Study material:
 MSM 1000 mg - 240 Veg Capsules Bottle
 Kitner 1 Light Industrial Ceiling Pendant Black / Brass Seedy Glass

==

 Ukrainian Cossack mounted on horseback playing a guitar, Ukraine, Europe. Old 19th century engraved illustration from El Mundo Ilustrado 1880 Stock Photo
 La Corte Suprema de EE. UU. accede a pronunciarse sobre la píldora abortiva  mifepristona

Task directions:
What is asked for is an exact copy of the lines above from the one containing "Ukrainian Cossack mounted" through the one containing "La Corte Suprema", and only those.

Response to the exercise:
 Ukrainian Cossack mounted on horseback playing a guitar, Ukraine, Europe. Old 19th century engraved illustration from El Mundo Ilustrado 1880 Stock Photo
 La Corte Suprema de EE. UU. accede a pronunciarse sobre la píldora abortiva  mifepristona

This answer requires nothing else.